Everytime this error hapens, there is same log in kubelet :

kubelet[5111]: I0920 16:30:39.542666 5111 log.go:245] http: TLS handshake error from <CONTROL-PLANE NODE>:44194: EOF

I checked validity of certificates, they are all valid,

apiserver logs :

I0920 16:10:03.110741 11 cert_rotation.go:88] certificate rotation detected, shutting down client connections to start using new credentials I0920 16:20:03.515003 11 cert_rotation.go:88] certificate rotation detected, shutting down client connections to start using new credentials I0920 16:30:39.542320 11 cert_rotation.go:88] certificate rotation detected, shutting down client connections to start using new credentials I0920 16:43:43.688572 11 cert_rotation.go:88] certificate rotation detected, shutting down client connections to start using new credentials I0920 16:53:43.688628 11 cert_rotation.go:88] certificate rotation detected, shutting down client connections to start using new credentials I0920 17:03:43.689273 11 cert_rotation.go:88] certificate rotation detected, shutting down client connections to start using new credentials I0920 17:14:04.170499 11 cert_rotation.go:88] certificate rotation detected, shutting down client connections to start using new credentials I0920 17:28:43.689063 11 cert_rotation.go:88] certificate rotation detected, shutting down client connections to start using new credentials I0920 17:38:43.688520 11 cert_rotation.go:88] certificate rotation detected, shutting down client connections to start using new credentials I0920 17:48:43.688942 11 cert_rotation.go:88] certificate rotation detected, shutting down client connections to start using new credentials

Is this normal behaviour ? Cert rotation cca every 10 minutes ?

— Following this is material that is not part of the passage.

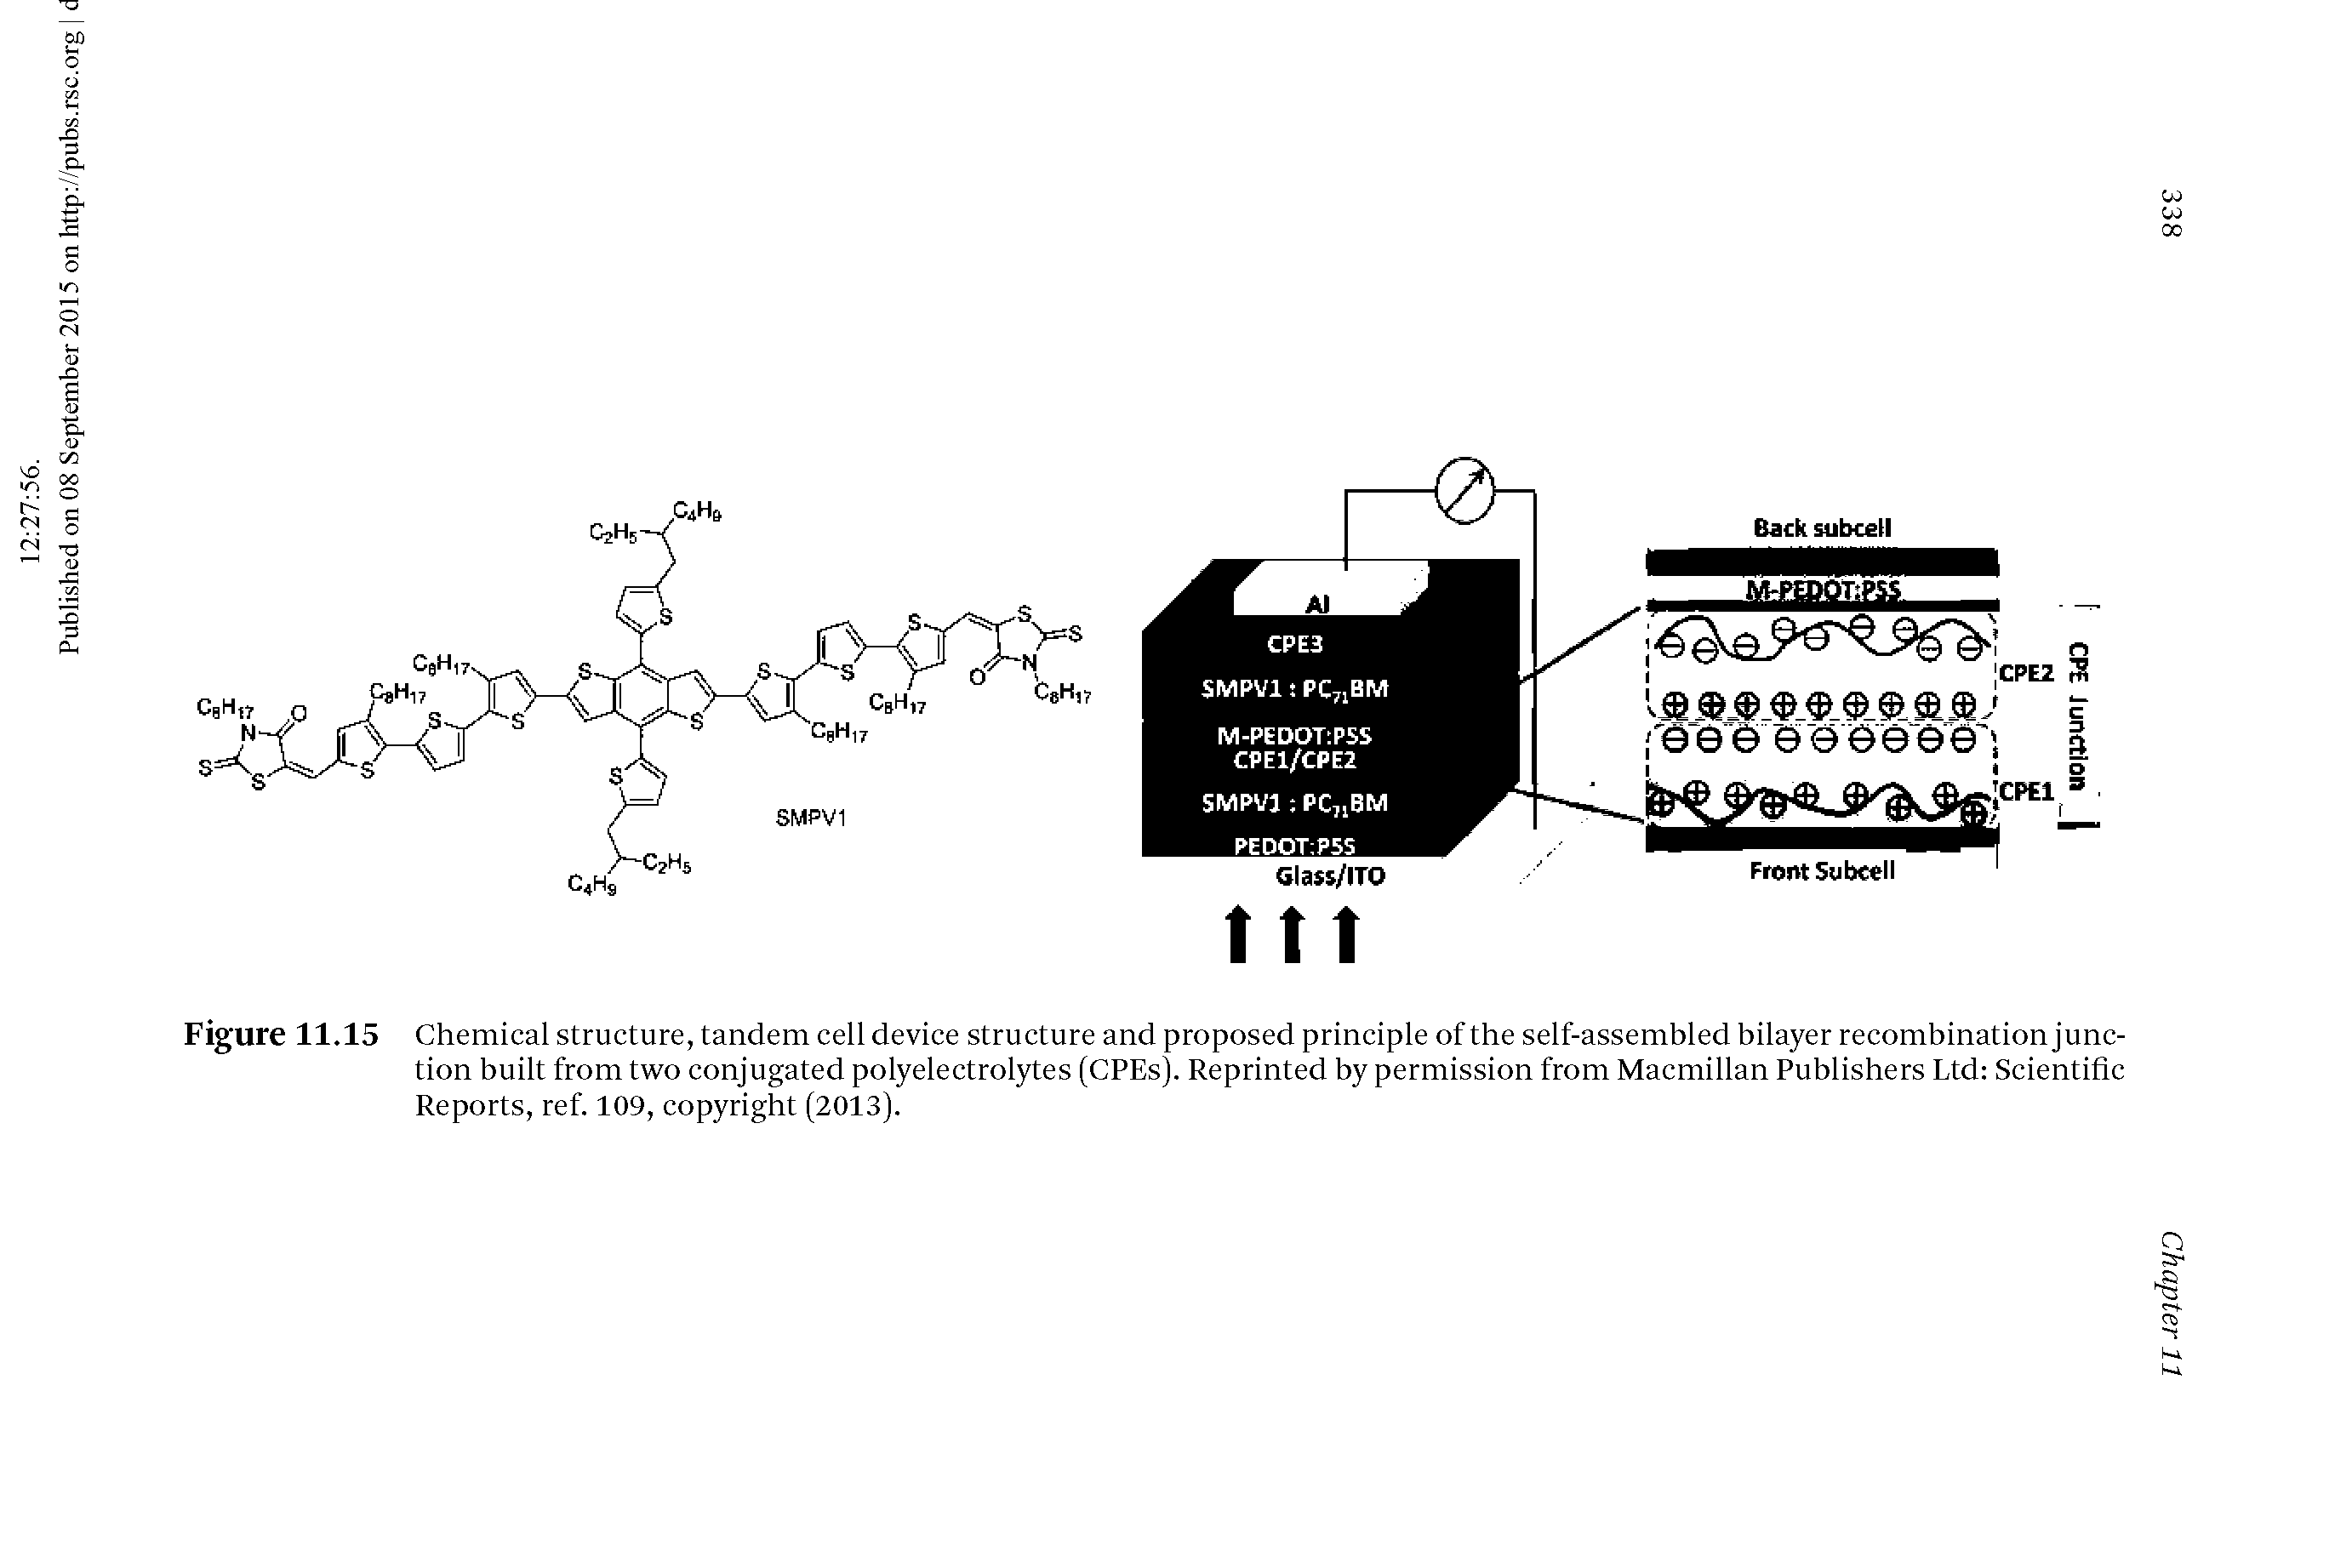 Figure 11.15 Chemical structure, tandem cell device structure and proposed principle of the self-assembled bilayer recombination junction built from two conjugated polyelectrolytes (CPEs). Reprinted by permission from Macmillan Publishers Ltd Scientific Reports, ref. 109, copyright (2013).
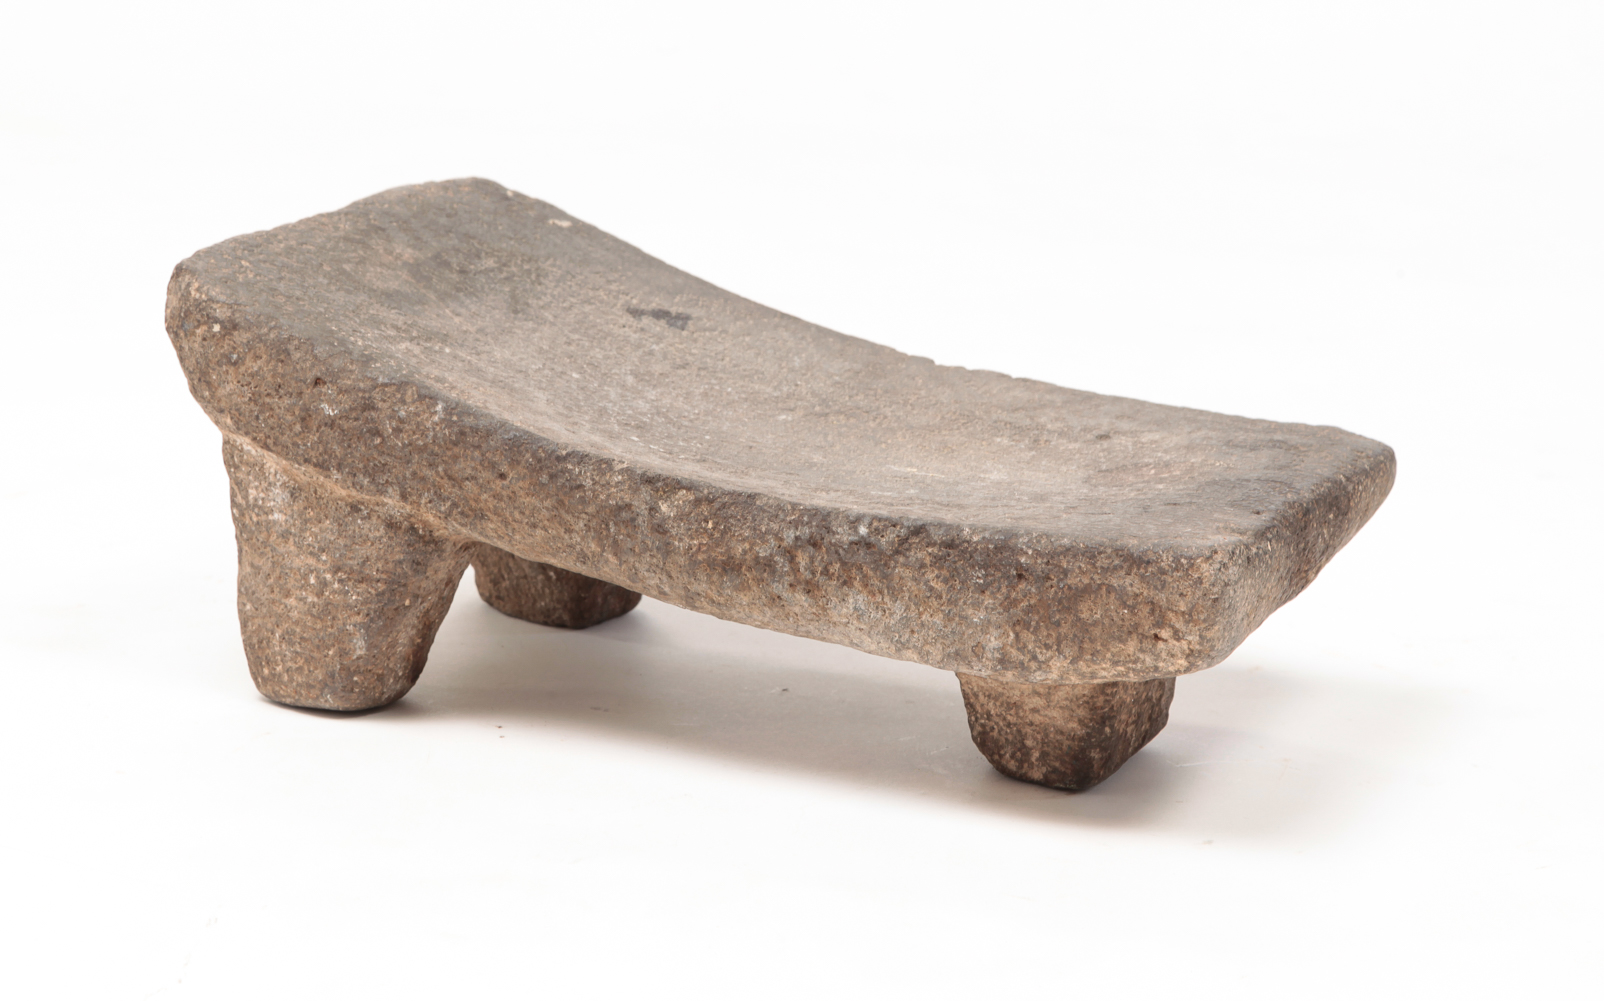 STONE METATE. South or Central

What cloud provider are you using?
AWS

What did you expect to happen?

I expected, that once certs are rotated, this will not cause any intermittent network issues.

Kubelet config
kubelet:
containerLogMaxSize: "20Mi"
containerLogMaxFiles: 5
anonymousAuth: false
authenticationTokenWebhook: true
authorizationMode: Webhook
readOnlyPort: 0
protectKernelDefaults: true
streamingConnectionIdleTimeout: "30m"
eventQps: "0"
featureGates:
RotateKubeletServerCertificate: "true"
HPAContainerMetrics: "true"
kubeReserved:
cpu: "100m"
memory: "100Mi"
kubeReservedCgroup: "/kube-reserved"
systemReserved:
cpu: "100m"
memory: "100Mi"
systemReservedCgroup: "/system-reserved"
tlsCipherSuites:
- TLS_ECDHE_ECDSA_WITH_AES_128_GCM_SHA256
- TLS_ECDHE_RSA_WITH_AES_128_GCM_SHA256
- TLS_ECDHE_ECDSA_WITH_CHACHA20_POLY1305
- TLS_ECDHE_RSA_WITH_AES_256_GCM_SHA384
- TLS_ECDHE_RSA_WITH_CHACHA20_POLY1305
- TLS_ECDHE_ECDSA_WITH_AES_256_GCM_SHA384
- TLS_RSA_WITH_AES_256_GCM_SHA384
- TLS_RSA_WITH_AES_128_GCM_SHA256

Possible relation

Is there chance that this issue might be related to : golang/go#50984 ?

The text was updated successfully, but these errors were encountered:

k8s-triage-robot · 2024-12-20T10:37:50Z

The Kubernetes project currently lacks enough contributors to adequately respond to all issues.

This bot triages un-triaged issues according to the following rules:

After 90d of inactivity, lifecycle/stale is applied
After 30d of inactivity since lifecycle/stale was applied, lifecycle/rotten is applied
After 30d of inactivity since lifecycle/rotten was applied, the issue is closed

You can:

Mark this issue as fresh with /remove-lifecycle stale
Close this issue with /close
Offer to help out with Issue Triage

Please send feedback to sig-contributor-experience at kubernetes/community.

/lifecycle stale

k8s-triage-robot · 2025-01-19T11:07:09Z

The Kubernetes project currently lacks enough active contributors to adequately respond to all issues.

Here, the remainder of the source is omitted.